Using Ignore and Prune patterns
You can configure both Ignore and Prune patterns to manage your data.
Using the Ignore pattern
Atlas ignores temporary managed tables by default. But an external temporary table is captured because the table uses the HDFS path for storage and Atlas creates a lineage in between.
To disregard the temporary table and avoid Atlas processing it, you can set up appropriate configurations in Hive and Atlas and later restart the services.
For example, if all tables in the ‘sales’ database and the tables that contain ‘_tmp’ in the ‘finance’ database should be ignored, the property can be set as follows in your Cloudera Manager instance.
Hive Metastore Server and Hive settings:
atlas.hook.hive.hive_table.ignore.pattern=finance\..*_tmp.*,sales\..*
is set in Cloudera Manager Hive Service Advanced Configuration Snippet
(Safety Valve) for atlas-application properties in Hive(HMS) and Hiveserver2.
Atlas server
atlas.notification.consumer.preprocess.hive_table.ignore.pattern=finance\..*_tmp.*
With the above configurations, tables having _tmp
in
their names, in the finance
database are ignored.
Using the Prune pattern
Staging tables are created to hold data temporarily during a query execution and are manually dropped once the processing is completed. It might be insignificant to track the details of the staging tables.

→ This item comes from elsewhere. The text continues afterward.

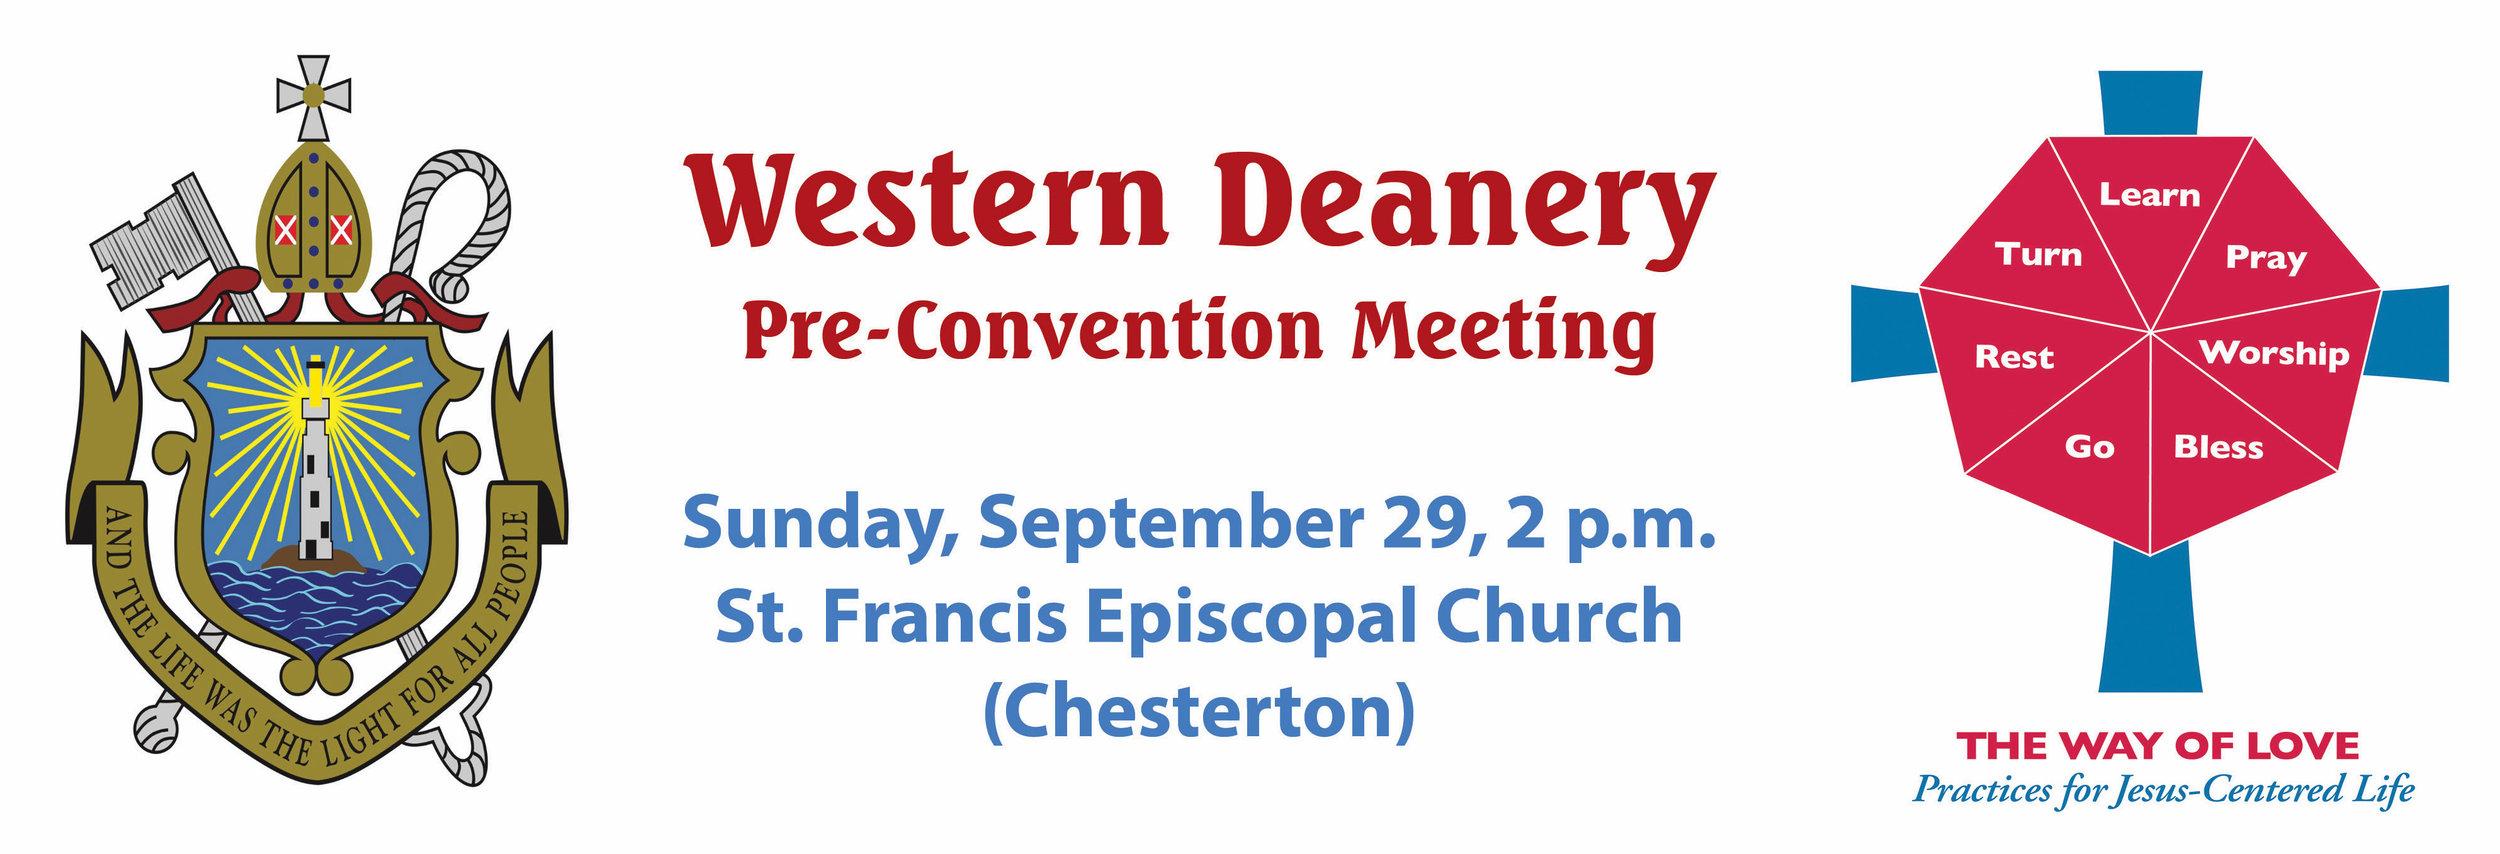 2019 Western Deanery DioCon Graphic.jpg
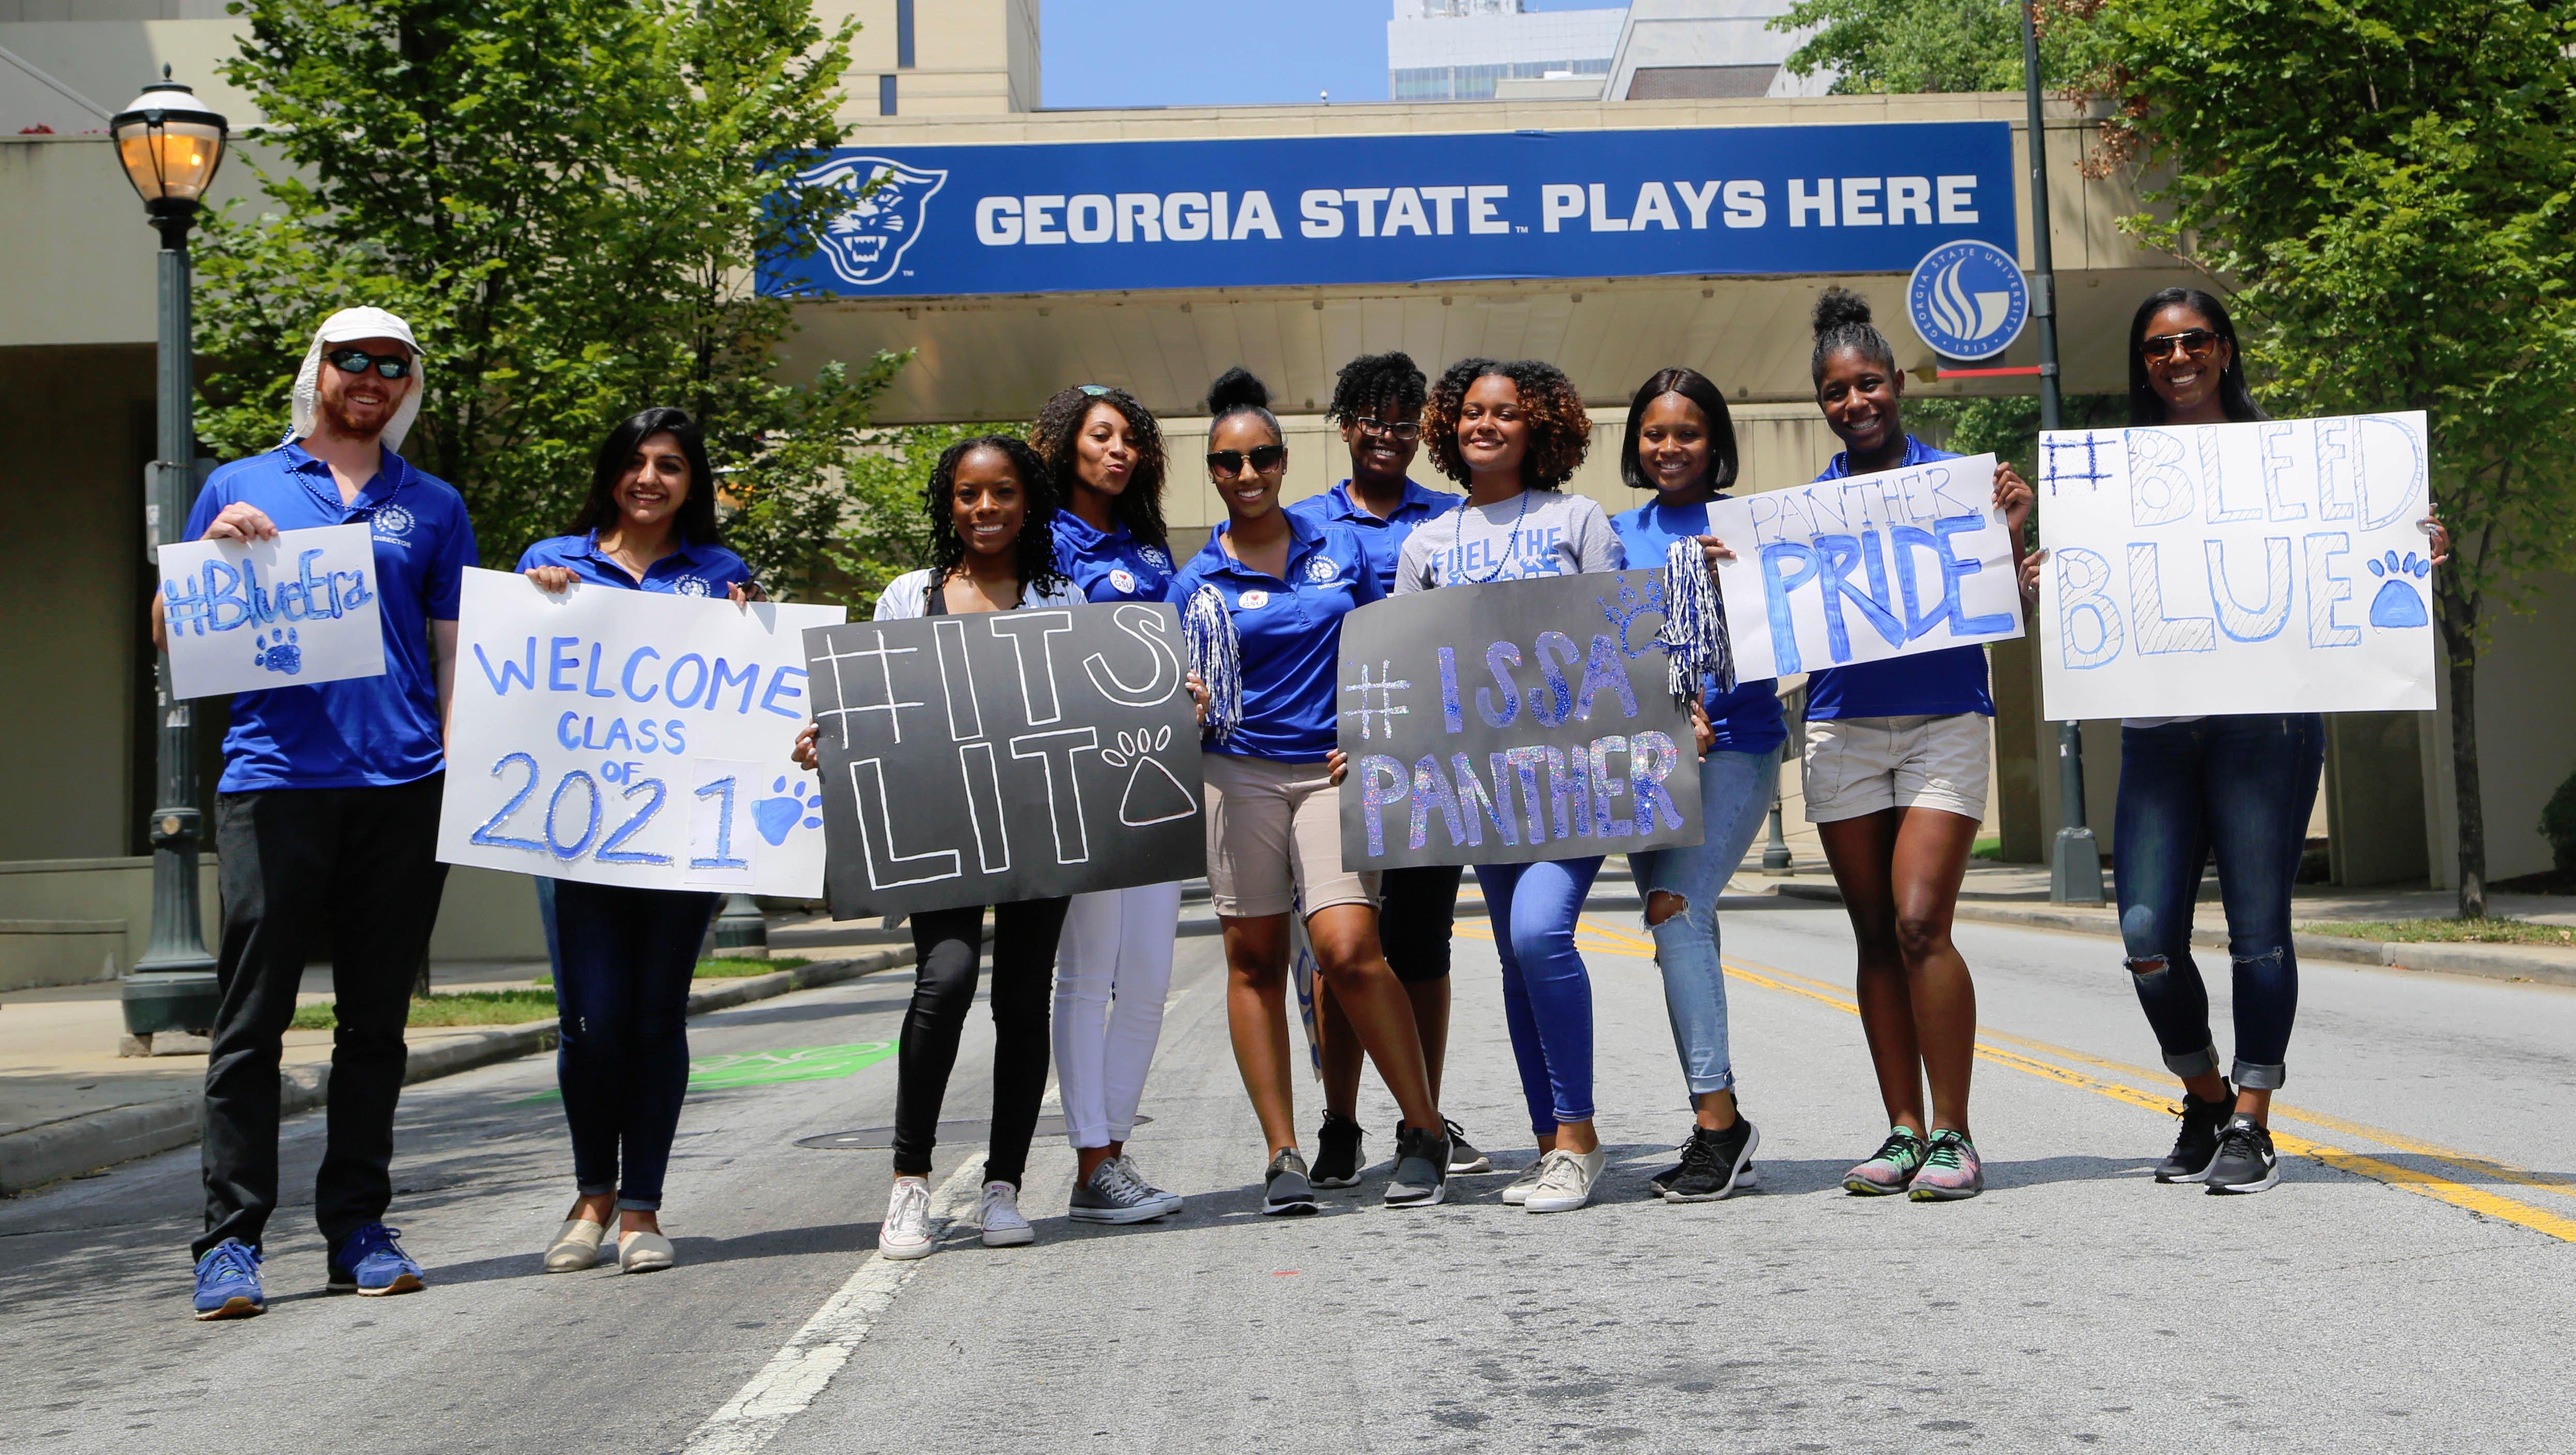 Gsu Alumni Association – Student Alumni Association In Ga State University Calendar 2021

For example, in the below images, the finance table contains 333 columns (column names blurred) and the staging tables are created frequently by running an “INSERT OVERWRITE TABLE” query on the finance table. Processing is executed on the data in staging tables and later the staging tables are deleted as observed in the table level lineage diagram.
Every time you run a query to create lineage between tables, column-level lineage is also created along with table-level lineage.